Life-Study of Exodus

Life-Study of Exodusby Witness Lee

ISBN: 0-7363-0397-9
Printed Copy: Available Online from Living Stream Ministry

Currently in: Chapter 114 of 185 Section 1 of 4

LIFE-STUDY OF EXODUS

MESSAGE ONE HUNDRED FOURTEEN

THE LIGHTING OF THE LAMPS
AND THE GARMENTS FOR THE PRIESTHOOD

(1)

Scripture Reading: Exo. 27:20—28:5

With the foregoing message, we finished the life-study of the tabernacle with its outer court. After completing the section on the tabernacle, we would expect to come next to the priests, especially to the garments of the priests. But chapter twenty-seven concludes with two verses on the lighting of the lamps on the lampstand in the tabernacle: “And you shall command the sons of Israel that they bring you olive oil, pure, beaten, for the light, to light the lamps continually. In the tent of meeting, outside the veil which is before the testimony, Aaron and his sons shall set them in order from evening until morning before Jehovah; it shall be a statute forever for their generations by the sons of Israel.” If these two verses were not included at the end of chapter twenty-seven, probably none of us would miss them. Years ago, I was bothered by the fact that after such a long portion concerning the tabernacle with its court, the divine record inserts these two verses related to the lighting of the lamps. Because I do not take anything in the Word for granted, I have brought this matter to the Lord and spent time with Him regarding it, seeking to find the reason for the insertion of these two verses at this very point. Why is this matter, which does not describe any aspect of the tabernacle or its furniture, included here? Why does this chapter end with a word about lighting the lamps?

A PRIESTLY SERVICE

In reading chapters twenty-seven and twenty-eight of Exodus, I have noticed that chapter twenty-eight also begins with the conjunction “and.” Chapter twenty-eight is concerned with the garments for the priesthood. Although these garments do not seem to have anything to do with the lighting of the lamps, chapter twenty-eight begins with the conjunction. This indicates that the divine record puts these two matters together. After the lengthy record concerning the tabernacle with its furniture and outer court, Moses adds a short section on lighting the lamps, and then follows with a portion on the priestly garments. We need to find the reason for this sequence, especially why Moses links together the lighting of the lamps and the priestly garments.
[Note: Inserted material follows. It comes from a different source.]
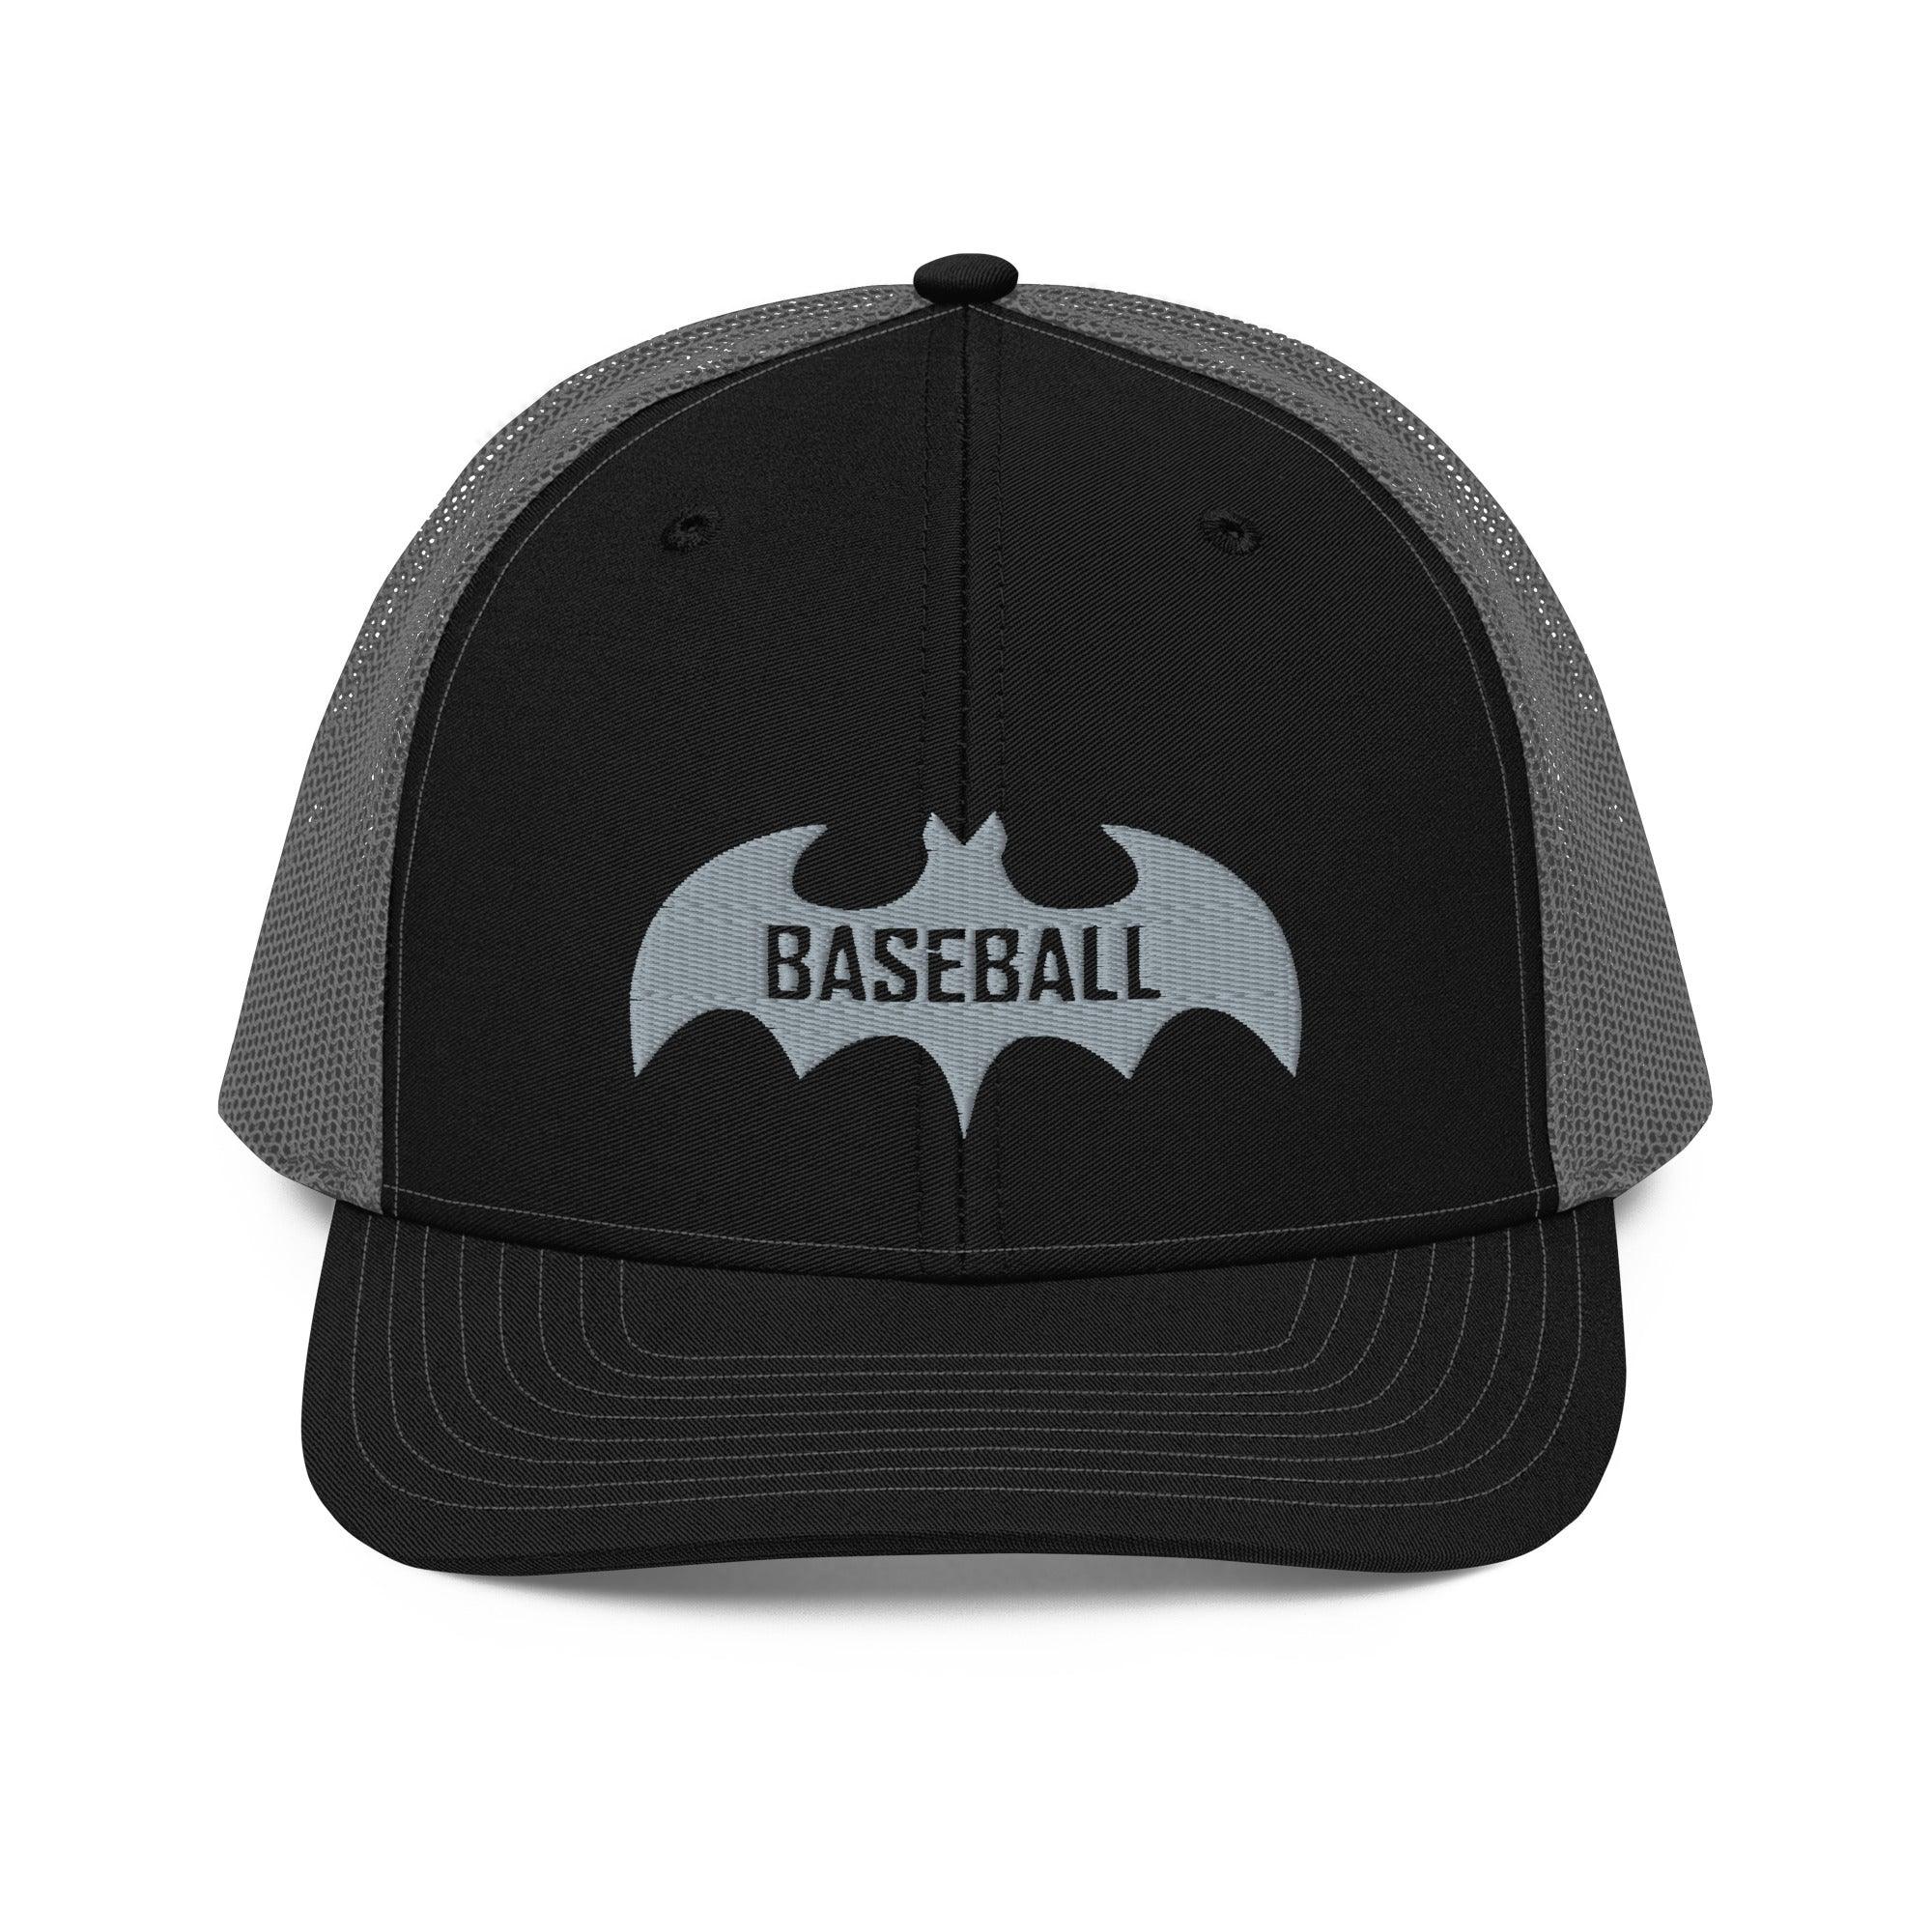 Baseball Bat Trucker Cap

To understand this matter, we need to realize that there were no windows in the tabernacle. In particular, there was no sky light, no window in the roof. Therefore, it was impossible for light to get in. If there had been no light inside the tabernacle, the tabernacle would have been filled with darkness. When we are in the dark, we are not able to do anything. If we try to do something, we may cause damage or injure ourselves. Because there were no windows in the tabernacle, there was the need for the lighting of the lamps inside the tabernacle.
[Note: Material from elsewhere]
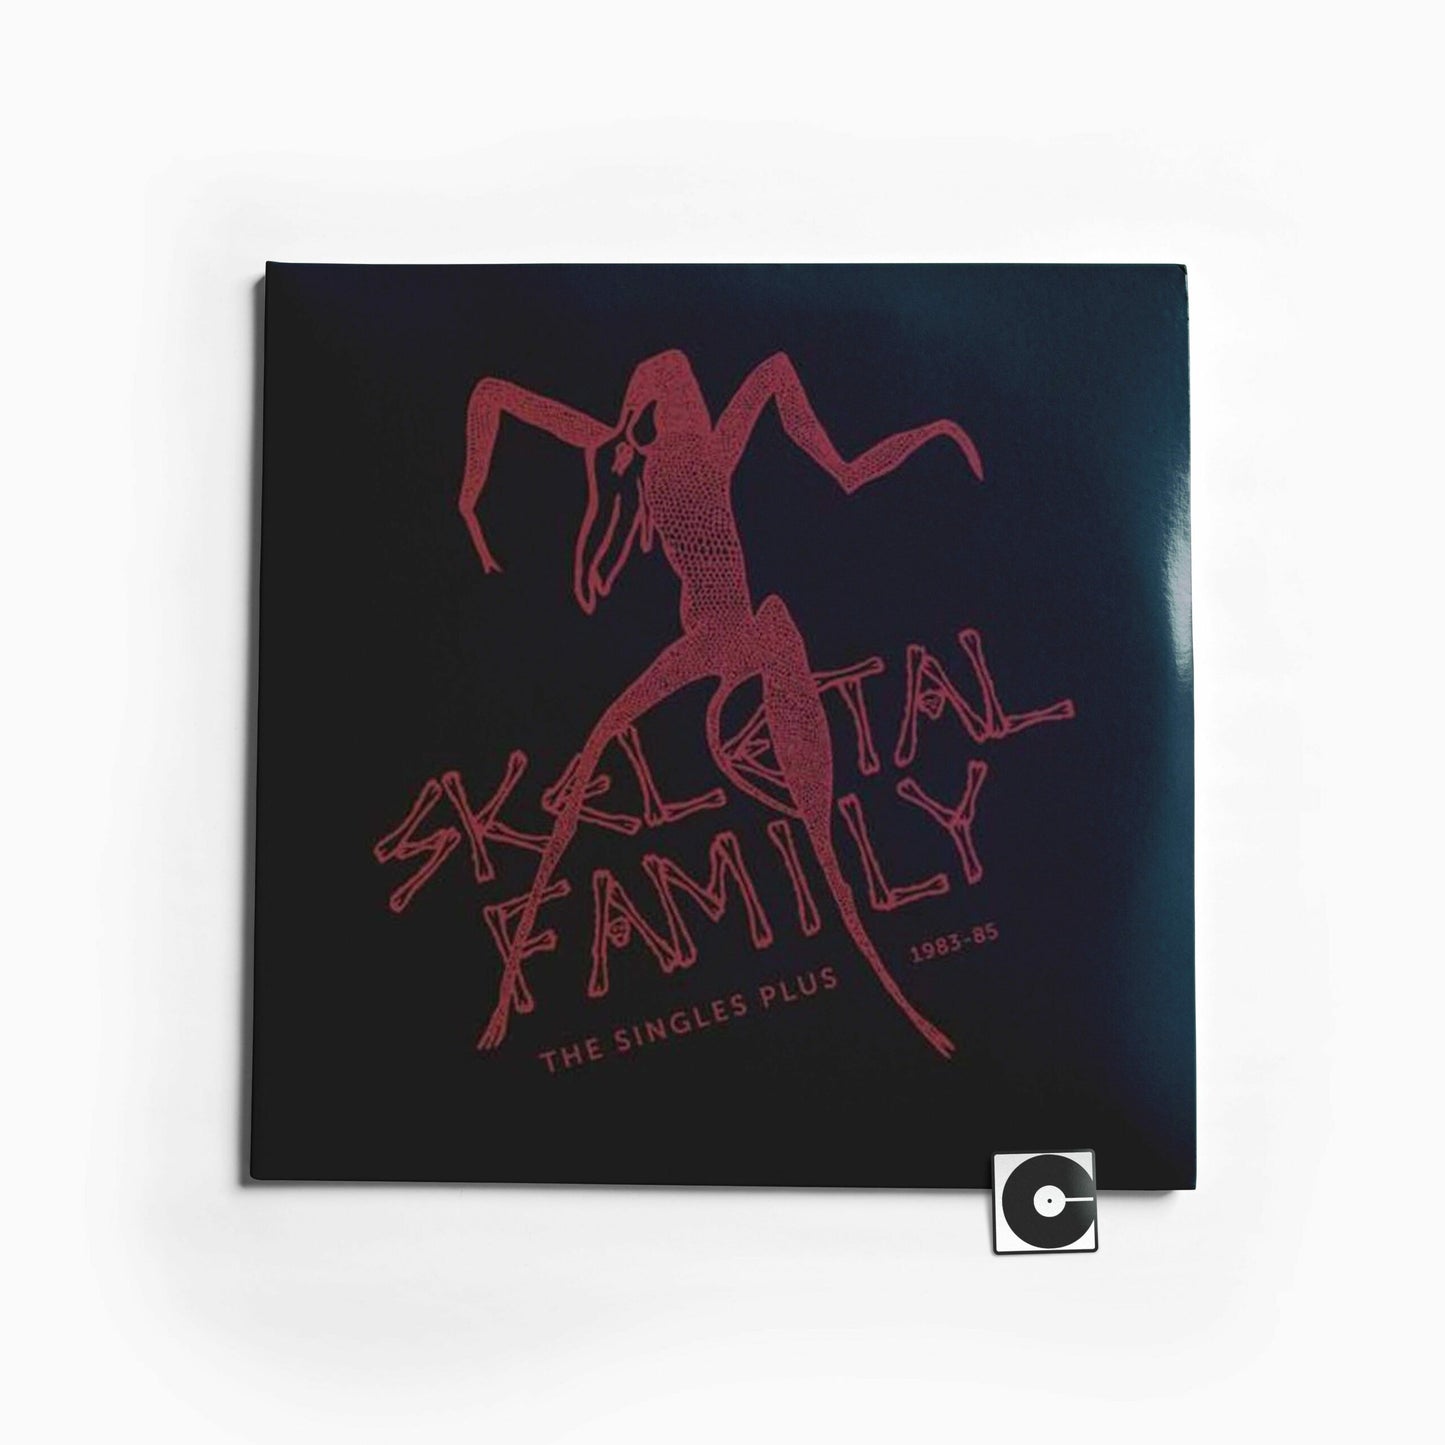 Skeletal Family - "The Singles Plus 1983-85"

The activity of lighting the lamps was holy. These lamps were not in a common or ordinary place; they were the lamps in the sanctuary, in the Holy Place. Because it was a holy task to light these lamps, the common people were not qualified to do this. They may have been good people and well-educated, but they were not holy. There was the need for holy persons to light the holy lamps in the Holy Place. Thus, for the lighting of the lamps there was the need of the priesthood. The lighting of the lamps was a priestly service.

The priestly service involved three main items. The first was to offer the sacrifices at the altar in the outer court. All the sacrifices had to be offered to God by a priest. A person coming to offer something to God was not able to do this himself. He had to offer his sacrifice through a priest. Thus, the priestly service first included the offering of the sacrifices. This aspect of the priestly service was rather rough or coarse, for it involved the sacrifice of large animals. The altar was a place of slaughter, and it was the duty of the priests to slaughter the animals and offer them to God as sacrifices.

The second and third items of the priestly service were the lighting of the lamps and the burning of the incense. These matters were fine and delicate. As we have seen, the lighting of the lamps could not be done by common people, but could be done only by holy ones, by priests.

According to the Bible, spiritually speaking, a priest is one who has been fully possessed by God. In the New Testament sense, a priest is not only possessed by God in full, but is entirely filled and saturated with God. The priests in the Old Testament were types, shadows, of the real priests in the New Testament. Today we who believe in Christ are true priests. As priests, we should be possessed by God, filled with God, and saturated with God. Furthermore, a priest is a person who is absolutely for God. His life and living are wholly for God. He lives and has his being for God. He does not care for anything on earth except God. Hence, a priest is a person possessed by God, saturated with God, and living for God. He has no other interest. In every respect and in every way, his unique interest is God. Because a priest is filled and saturated with God, he is a man of God. The lighting of the lamps in the Holy Place requires the service of this kind of person. For this reason, we emphasize the fact that the lighting of the lamps was a priestly service, a service of the priests.